Gerrit Kimsma, M.D., M.A., and Evert van Leeuwen, Ph.D.. "Assisted Death in the Netherlands: Physician at the Bedside When Help Is Requested,", a chapter in the 2004 book Physician-Assisted Dying: The Case for Palliative Care & Patient Choice - "Assisting death in no way precludes giving the best palliative care possible but rather integrates compassionate care and respect for the patient's autonomy and ultimately makes death with dignity a real option...

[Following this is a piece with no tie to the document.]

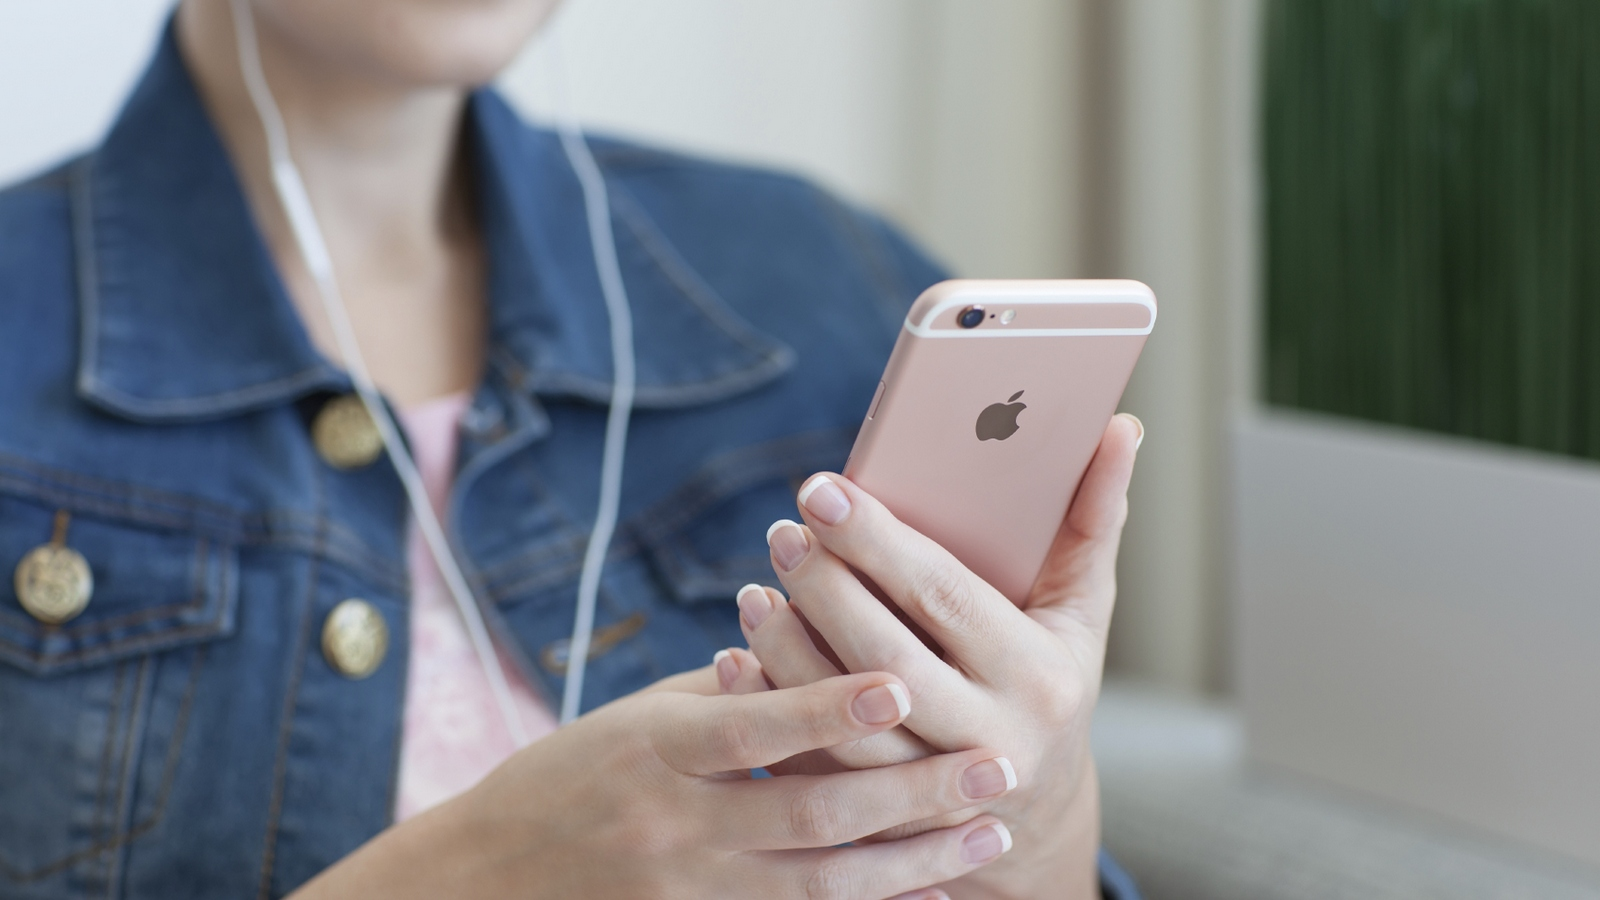 Более половины пользователей готовы приобрести новый iPhone

The evidence for the emotional impact of assisted dying on physicians shows that euthanasia and assisted suicide are a far cry from being 'easier options for the caregiver' than palliative care, as some critics of Dutch practice have suggested. We wish to take a strong stand against the separation and opposition between euthanasia and assisted suicide, on the one hand, and palliative care, on the other, that such critics have implied. There is no 'either-or' with respect to these options. Every appropriate palliative option available must be discussed with the patient and, if reasonable, tried before a request for assisted death can be accepted...

Opposing euthanasia to palliative care...neither reflects the Dutch reality that palliative medicine is incorporated within end-of-life care nor the place of the option of assisted death at the request of a patient within the overall spectrum of end-of-life care."[1]